The remembering, the way that Jesus’ look reminded Peter of something,
was not a simple recall, an “Oh, right. I had forgotten about that.”
He felt it. It must have been like a kick in the gut.
I like to think that Cleopas and the unnamed disciple had a similar feeling
2
when they walked and talked with the stranger on the road to Emmaus.
Their question to one another – “Were not our hearts burning within us” (Lk. 24:32)? –
has the feeling of, “Were not our hearts being reminded of something as he spoke?”
Our patron here at this parish, St. Ignatius of Loyola,
might have thought likewise when he wrote,
“Take, Lord, and receive all my memory” (Sp. Ex., §234).
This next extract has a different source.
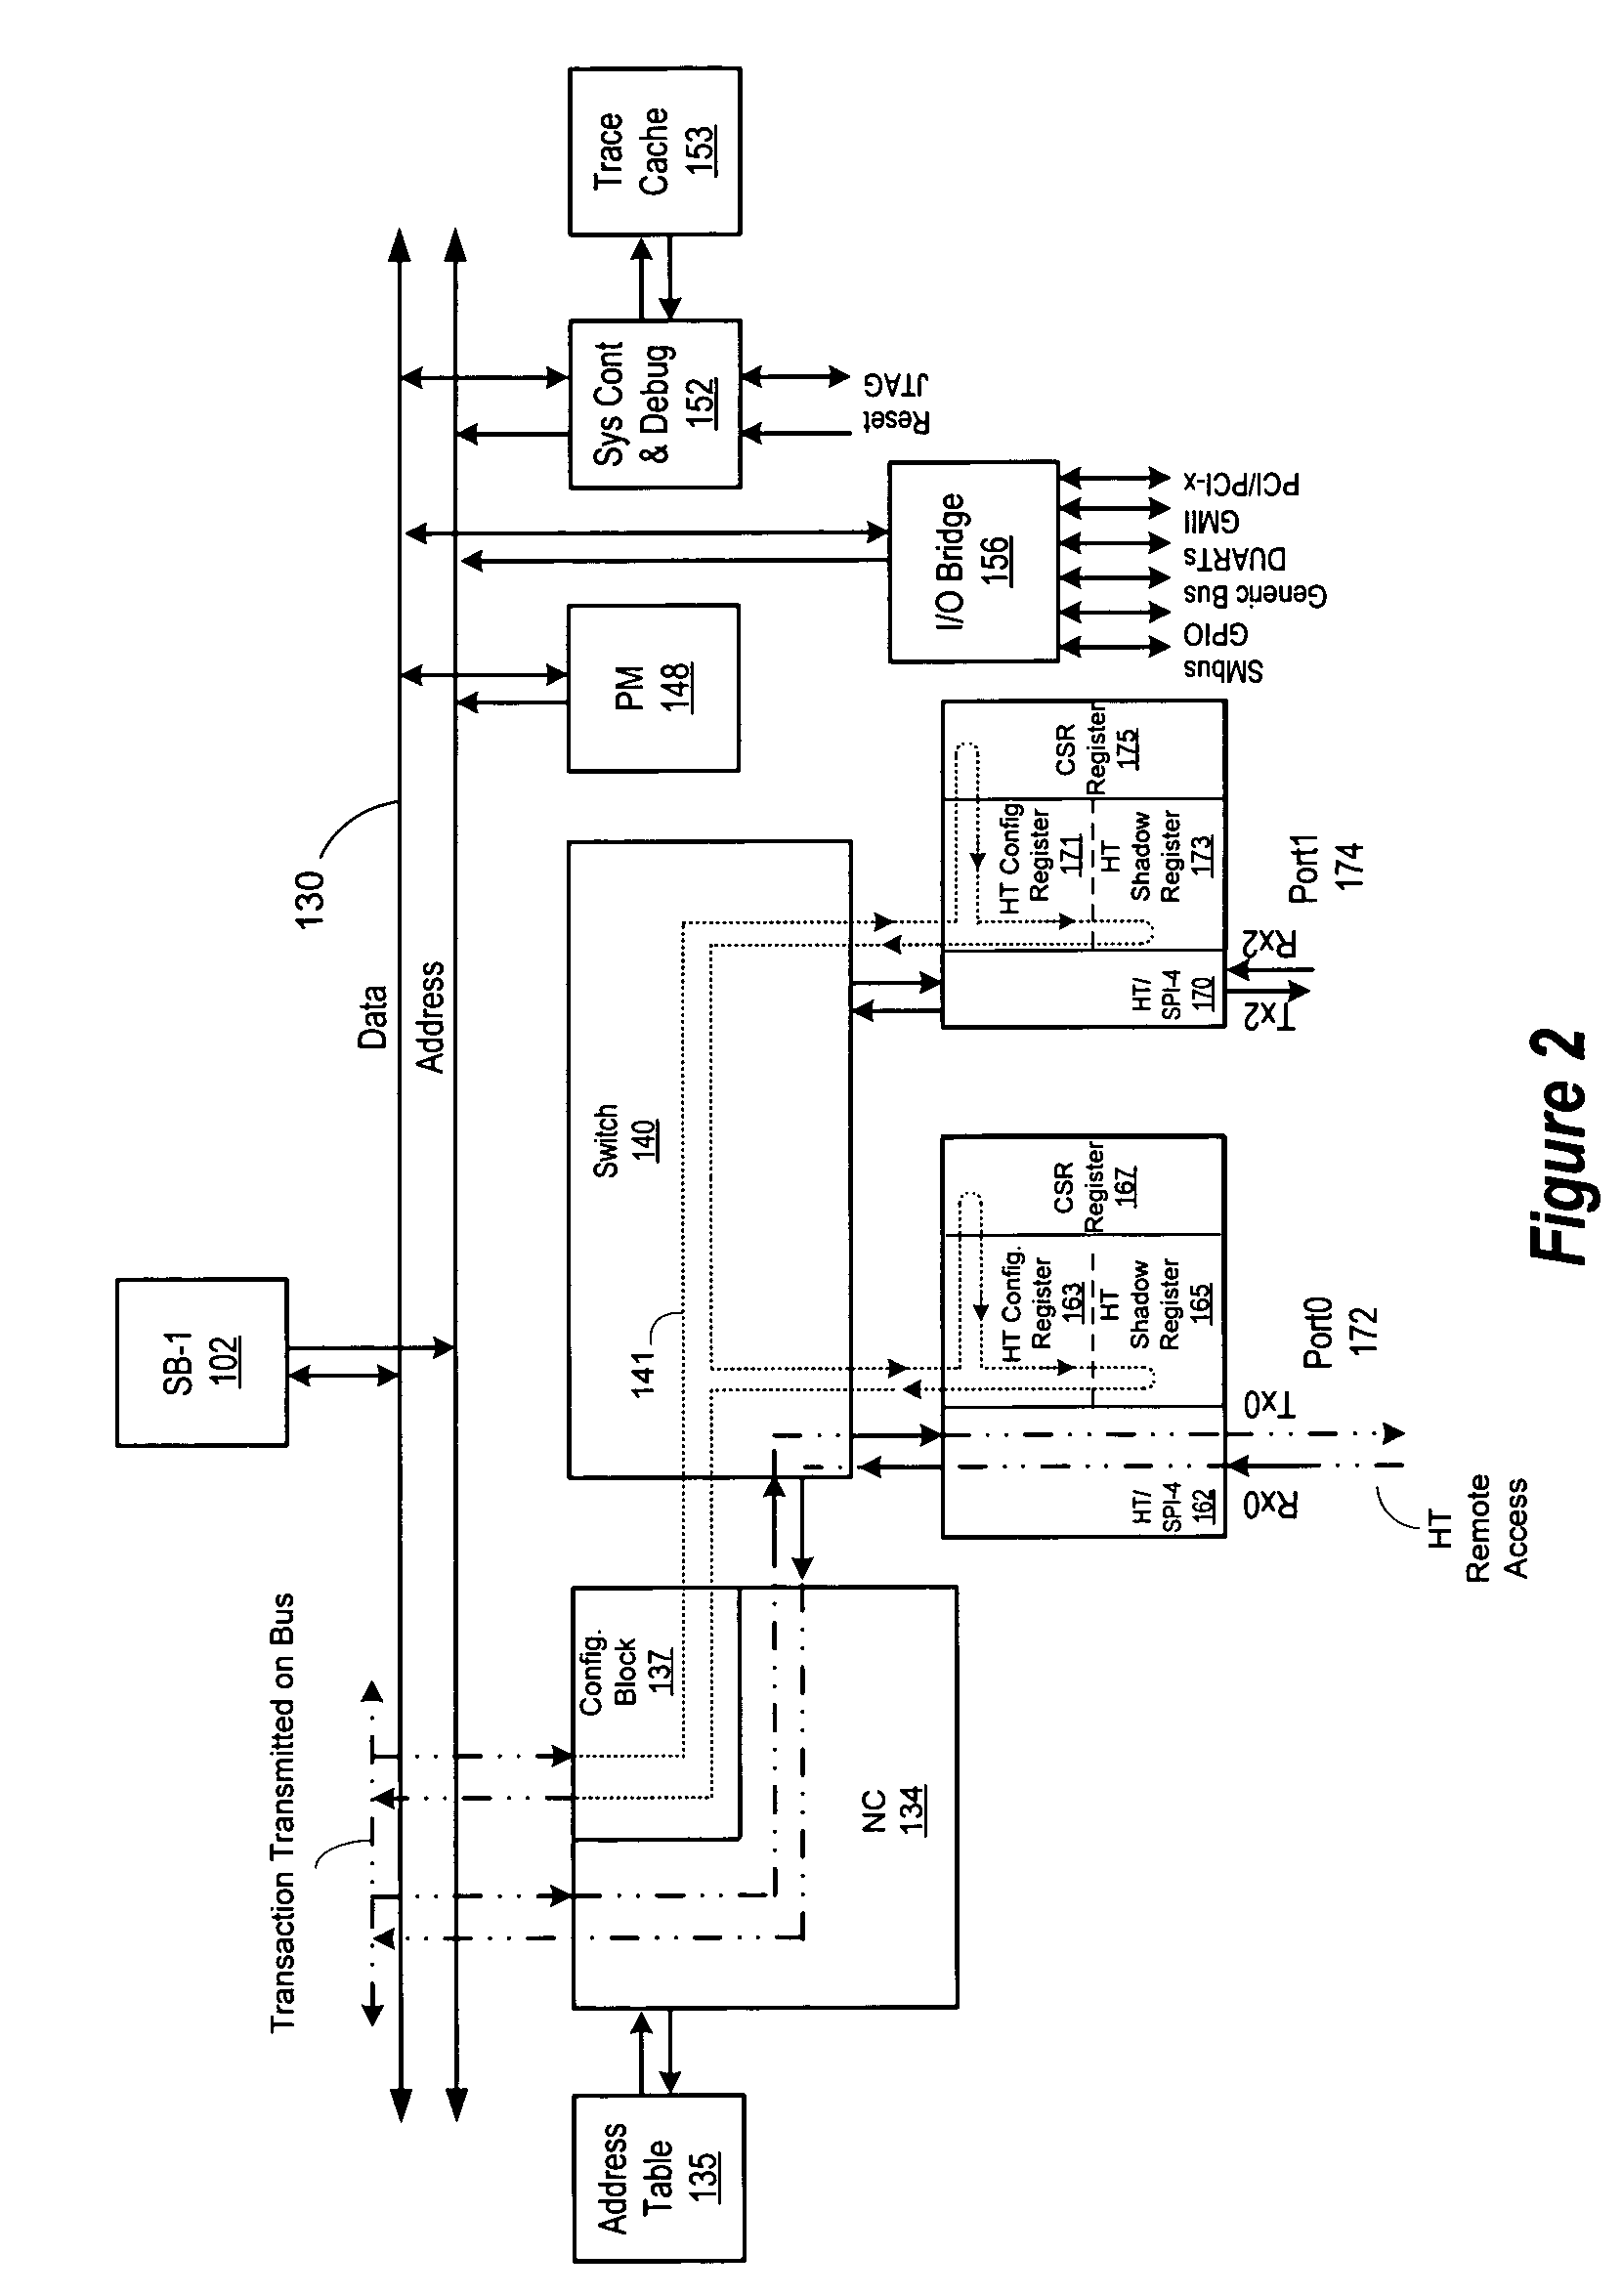 Distributed copies of configuration information using token ring

His is a plea not for amnesia, but for a gut that gets kicked,
a heart that burns,
a Spirit-inspired memory that feels the past
until it becomes present
and starts pointing the way toward the future.
And so, the big question: of what is the Holy Spirit reminding you and me?
The big answer: I have no idea.
If I did, it would deprive all of us of the joy of discovering
the wonderfully-surprising and never-tamable voice of the Spirit.
But with fear and trembling, I will offer this observation:
it is no coincidence that, starting tomorrow, the church returns to ordinary time.
The Paschal candle has moved from its place of prominence in the sanctuary
to the shadows in front of the baptistery.
We trade out Easter white and Pentecost red for plain green.
We go back to daily gospels that tell the stories of Jesus’ public ministry:
no crucifixion, no resurrection, no passing through locked doors;
instead, we hear of his encounters with the poor, the sick, the unsure,
encounters with people like you and me.
But these encounters changed people’s lives forever.
These encounters of ordinary time were profoundly extraordinary.
And if we let the Spirit do what the Spirit does,
if we let the Spirit be the reminder in chief, the church’s institutional memory,
if we try to feel that of which the Spirit reminds us,
our lives might just be changed as well.
Our lives will be extraordinary.
Come, Holy Spirit!
Remind the hearts of your faithful!
Kindle in us the fire of your love!
Send forth your Spirit, and we will be created!
And you will renew the face of the earth.